• [TRY IT]:
Span requested from the data below: the line with "Kuigi uus liiklusseadus" through the line with "Liverpool, Egyesült Királyság, 1912.", both included. Give only these lines again, exactly, and leave every picture out.

• [EXCERPTED DATA]:

Content starts

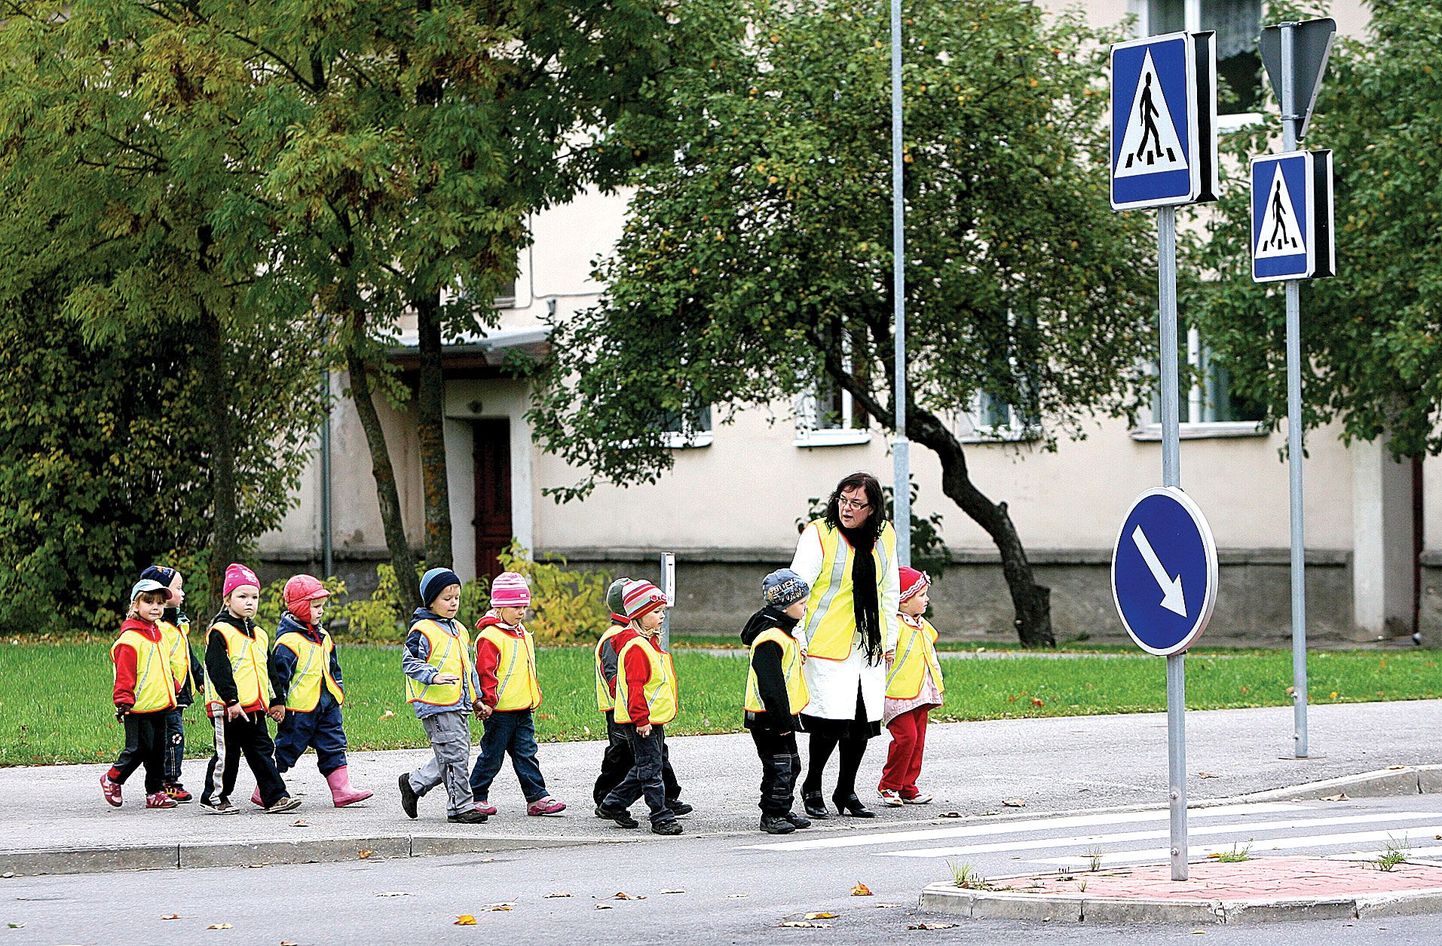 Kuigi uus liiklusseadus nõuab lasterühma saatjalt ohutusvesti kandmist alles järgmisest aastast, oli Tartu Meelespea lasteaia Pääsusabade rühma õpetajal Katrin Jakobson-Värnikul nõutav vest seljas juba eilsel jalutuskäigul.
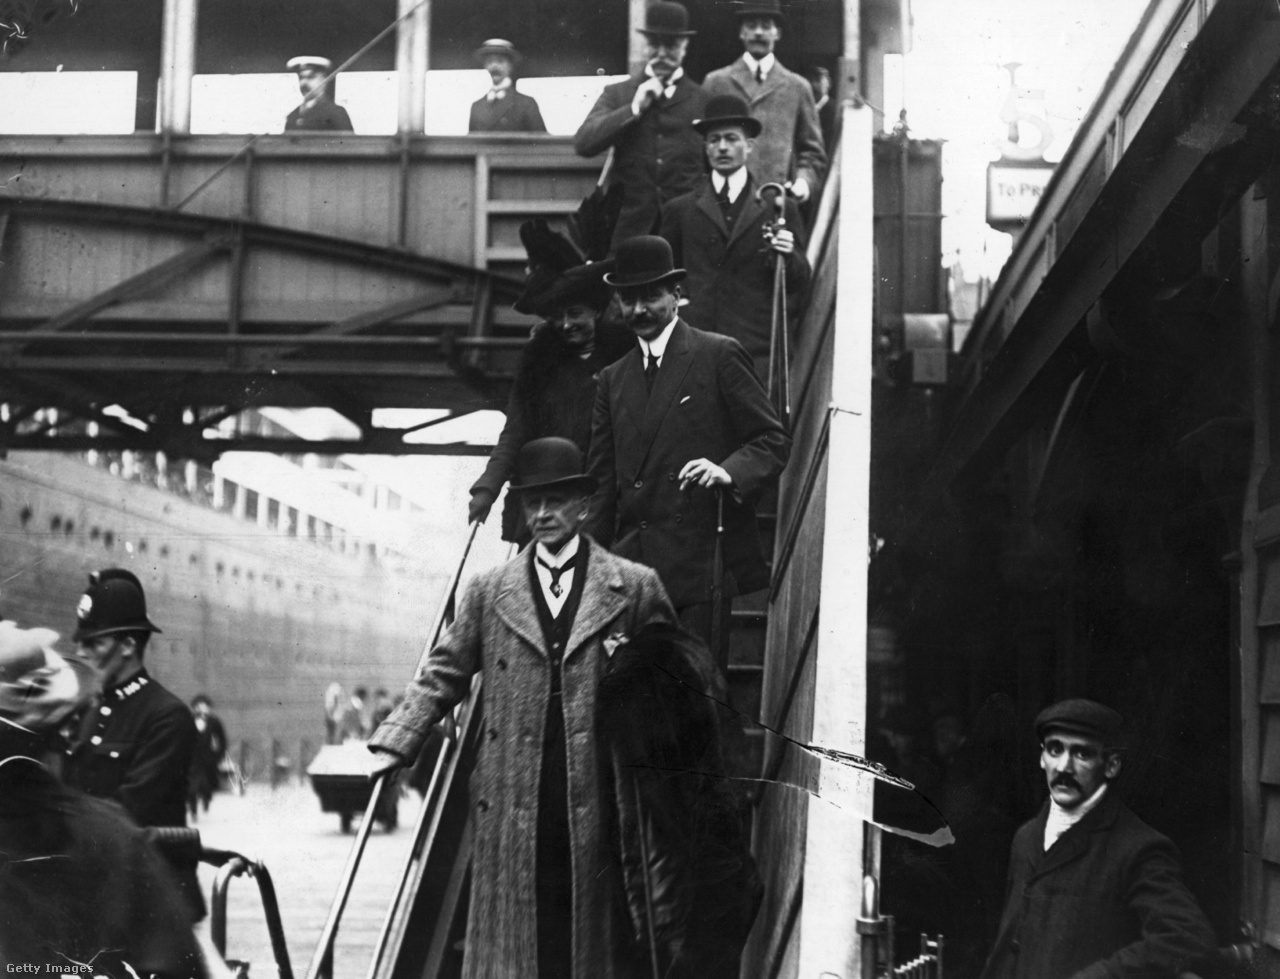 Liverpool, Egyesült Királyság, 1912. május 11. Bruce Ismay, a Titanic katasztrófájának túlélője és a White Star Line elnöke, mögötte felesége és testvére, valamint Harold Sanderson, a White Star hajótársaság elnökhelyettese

Content ends
Content starts

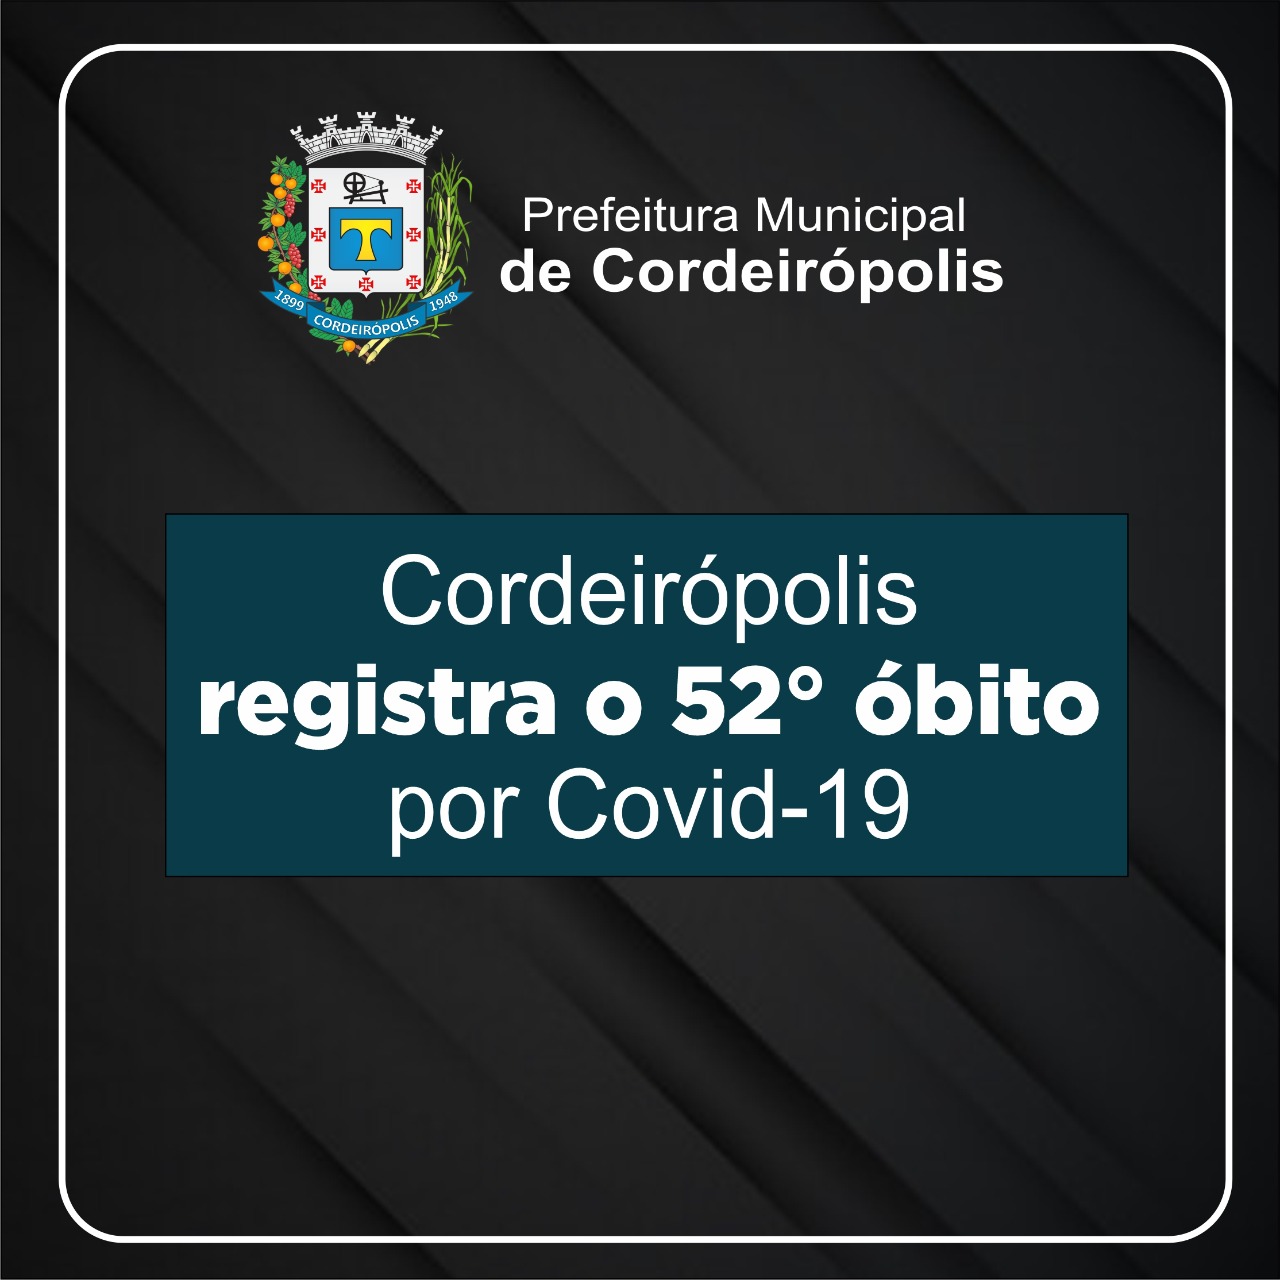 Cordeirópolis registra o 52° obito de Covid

Content ends

• [SOLUTION FOR THIS EXERCISE]:
 Kuigi uus liiklusseadus nõuab lasterühma saatjalt ohutusvesti kandmist alles järgmisest aastast, oli Tartu Meelespea lasteaia Pääsusabade rühma õpetajal Katrin Jakobson-Värnikul nõutav vest seljas juba eilsel jalutuskäigul.
 Liverpool, Egyesült Királyság, 1912. május 11. Bruce Ismay, a Titanic katasztrófájának túlélője és a White Star Line elnöke, mögötte felesége és testvére, valamint Harold Sanderson, a White Star hajótársaság elnökhelyettese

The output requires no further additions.